Jana Gonani (born c. 1994) is a Malawian prisoner and LGBTQ rights activist. Gonani, who is a trans woman, was arrested in 2021 while working as a sex worker, and imprisoned on charges of "unnatural acts" and obtaining money by deception. She challenged her convictions based on Malawi's constitution, but lost her appeal in 2024. She was sent to Chichiri Prison, a men's prison in Blantyre, in line with the low level of LGBTQ rights in Malawi.

==Life==
Gonani was born in about 1994.

=== Arrest and imprisonment ===
Gonani was working in Mangochi when she and others were apprehended by the police in September 2021. Another man claimed that he had understood that she was a woman and she had misrepresented herself to him and his friend. Gonani had sex with one of them. The male police officer forced her to have an examination where they determined that she had male genitalia. Gonani asserted that she was a trans woman, and the police sent her for a mental health assessment. She was sentenced to eight years in jail, which she began in December 2021. She was sent to Chichiri Prison in Blantyre.

==== Appeal and protests ====
Gonani was supported in her appeal by the Nyasa Rainbow Alliance in February 2022.

Protesters created placards lauding marriages between a man and a woman, in Blantyre, 13 July 2023

The case attracted multi-faith protests because Malawi's laws were both controversial and unclear.

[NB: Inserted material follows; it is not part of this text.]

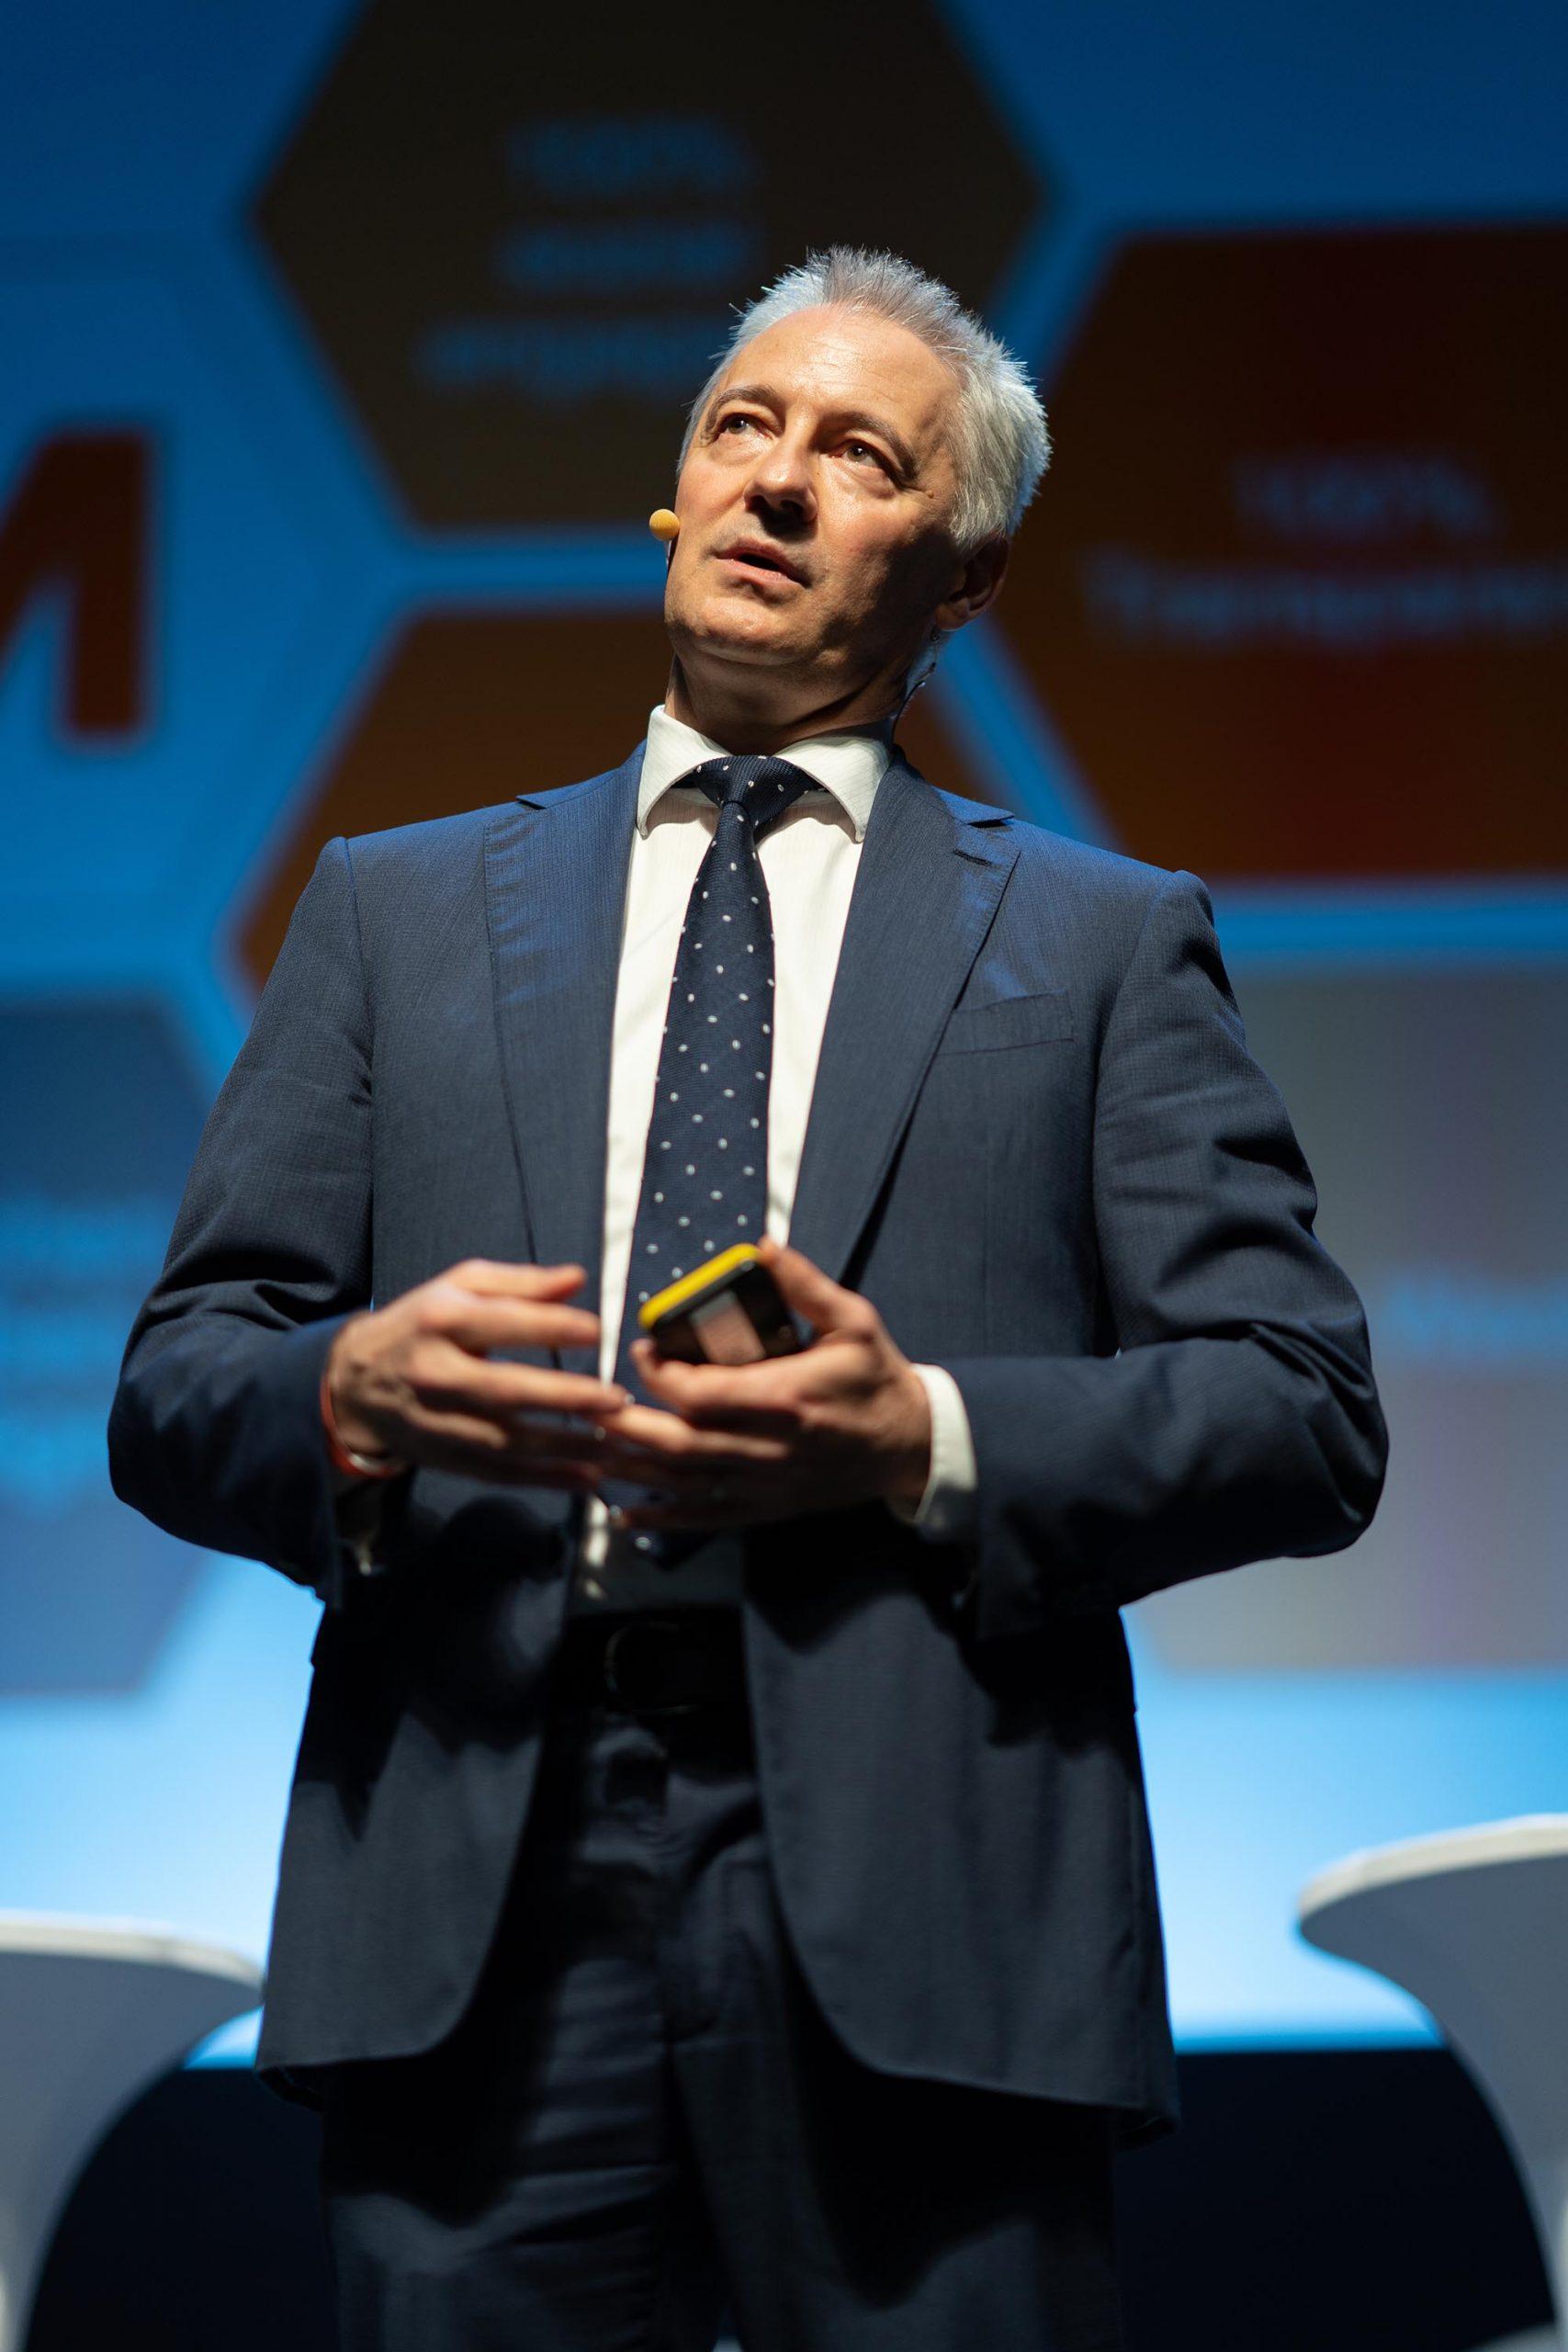 SGES Keynote: Fabrice Zumbrunnen, Präsident der Generaldirektion des Migros-Genossenschafts-Bundes

A law proscribed against the order of nature without being more specific where as the constitution prevents discrimination against people because of "other status or condition". The court in Mangochi had assumed that until the high courts or parliament made their position clear then acts of homosexuality were illegal. Gonami was given two sentences of three years for deception and eight years for same-sex sex. The case was referred to a panel of high court judges.

In 2024, Gonani and Juan Wilem Akster, a Dutch national, took their case to court. They argued that the laws against homosexuality were unconstitutional. It was heard by a three judge panel of Judge Vikochi Chima, Justice Chimbizgani Kacheche and the chairperson was Justice Joseph Chigona. They rejected the case, noting that Gonani and Akster had failed to present any evidence that persuaded the judges that the law was unconstitutional.